The duo believe there’s an urgent need to fill gaps in current federal and state efforts to promote cybersecurity best practice in the sector, citing recent incursions by Chinese and Iranian threat actors.
In December 2023, the US Cybersecurity and Infrastructure Security Agency (CISA) revealed Iran’s Islamic Revolutionary Guard Corps (IRGC) was behind a series of strikes against water plants. They were able to compromise default credentials on Unitronics programmable logic controllers (PLCs) to display anti-Israel messages.
Arguably more serious were revelations two months later that a Chinese threat group known as Volt Typhoon had pre-positioned itself in various critical national infrastructure (CNI) networks including the water and wastewater sector. The US agencies that penned the alert claimed that the end goal could have been to launch destructive attacks against US CNI in the event of a military conflict.
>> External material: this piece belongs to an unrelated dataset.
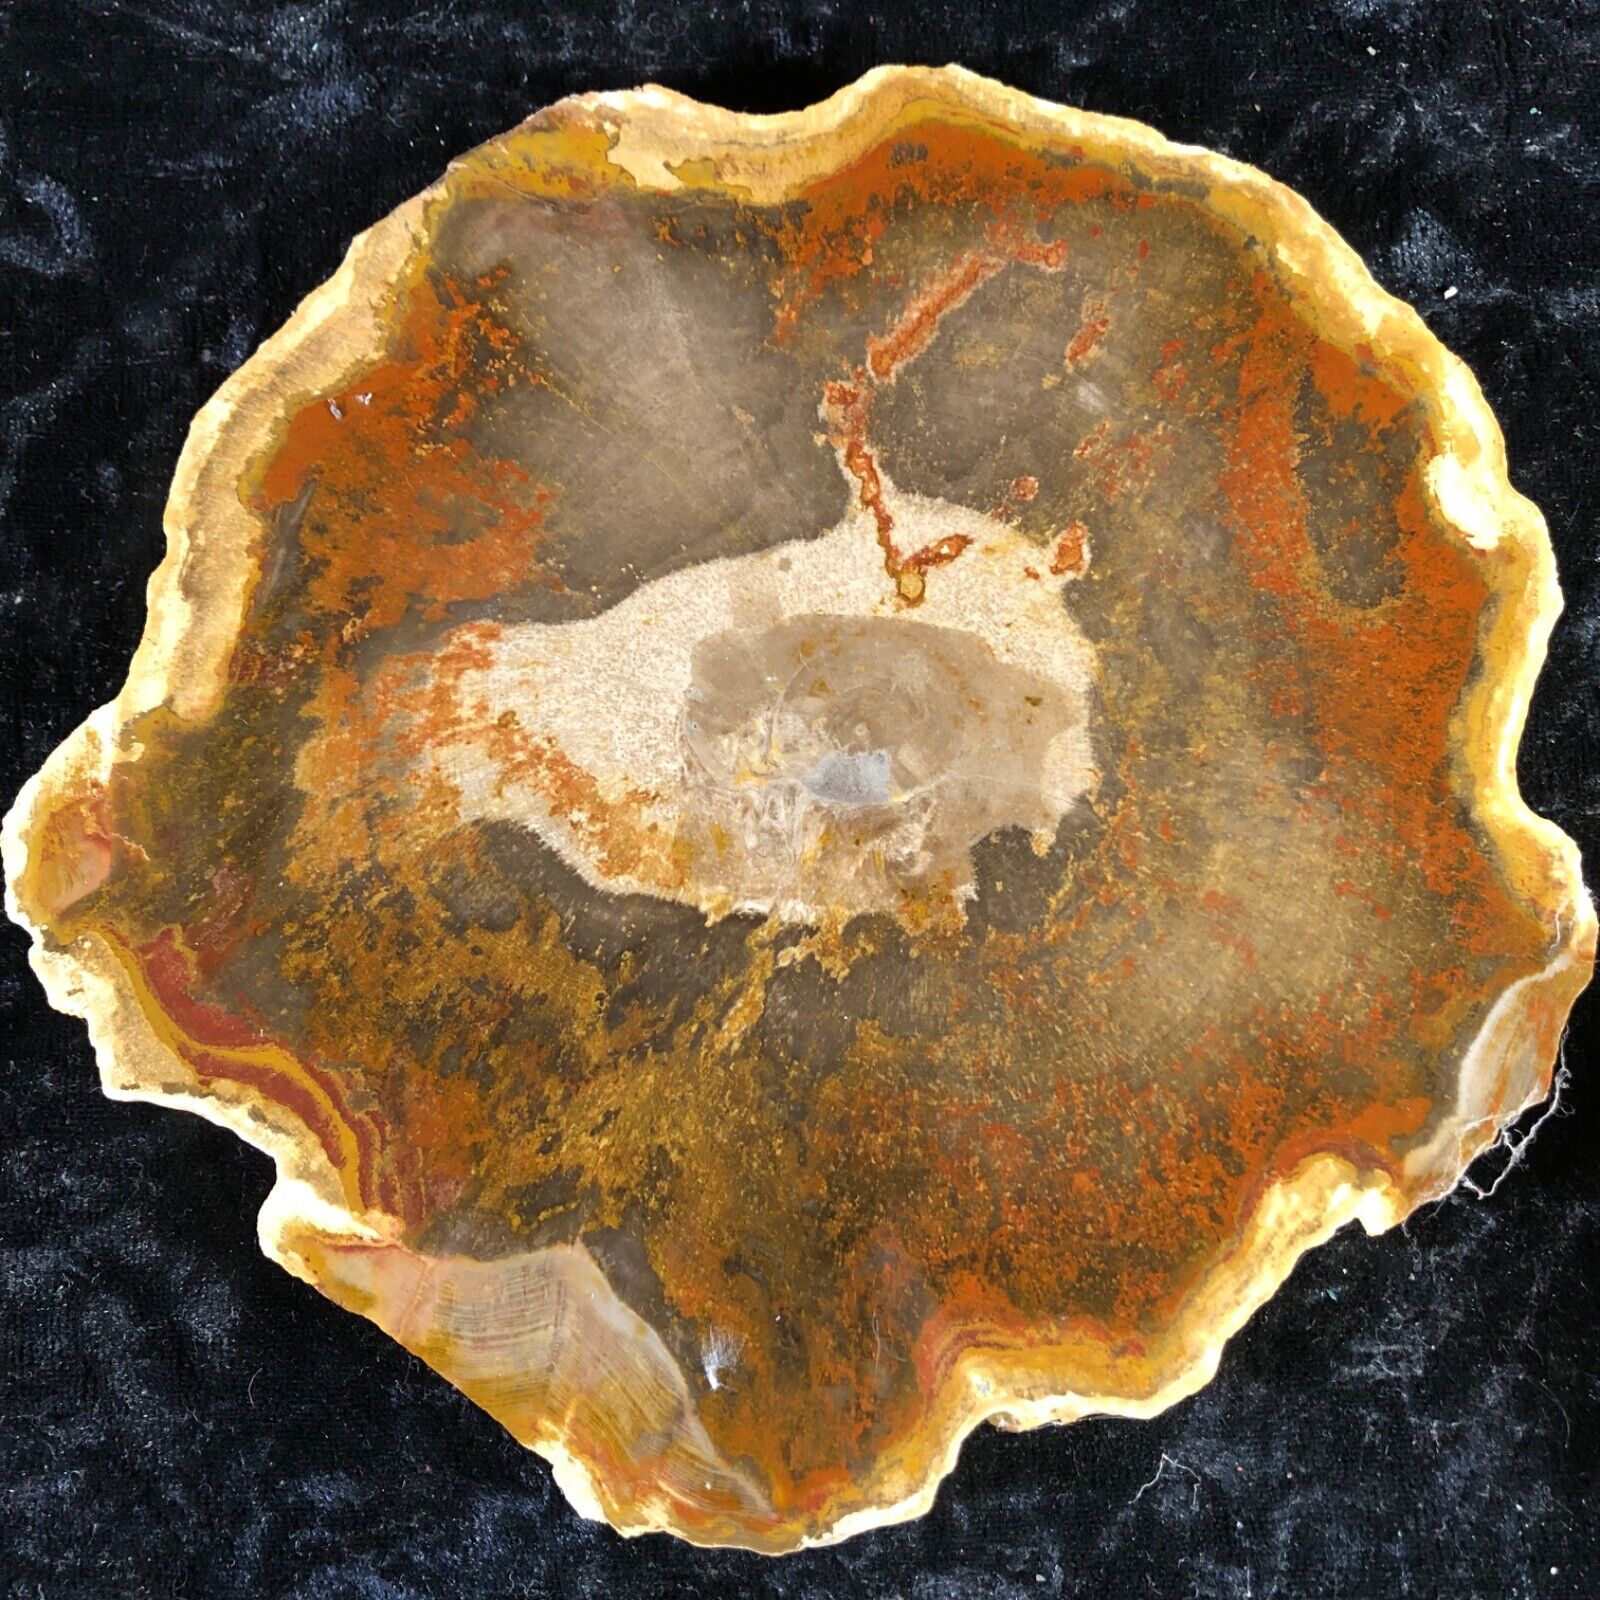 Polished Agathaoxylon Chinchilla, Australia 6.75”x6.25” Cretaceous Orallo Fm.

The group used a large botnet of compromised small office/home office (SOHO) routers to carry out attacks on CNI networks, and once inside used living-off-the-land techniques to stay hidden, they claimed.
“We need your support to ensure that all water systems in your state comprehensively assess their current cybersecurity practices to identify any significant vulnerabilities, deploy practices and controls to reduce cybersecurity risks where needed, and exercise plans to prepare for, respond to, and recover from a cyber incident,” the letter to state governors read.
“In many cases, even basic cybersecurity precautions – such as resetting default passwords or updating software to address known vulnerabilities – are not in place and can mean the difference between business as usual and a disruptive cyber-attack.”
Help is At Hand
The letter noted that water and wastewater companies have a wealth of resources they can draw on to help them in these efforts. These include “guidance, tools, training, resources and technical assistance” from CISA and the EPA, and private sector bodies like the American Water Works Association, the National Rural Water Association, and the Water Information Sharing and Analysis Center.
“Additionally, EPA will engage the Water Sector and Water Government Coordinating Councils to form a Water Sector Cybersecurity Task Force, which will build on recommendations from your environmental, health and homeland security secretaries,” the letter concluded.
“The Task Force will identify the most significant vulnerabilities of water systems to cyber-attacks, the challenges that water systems face in adopting cybersecurity best practices, and near-term actions and long-term strategies to reduce the risk of water systems nationwide to cyber-attacks.”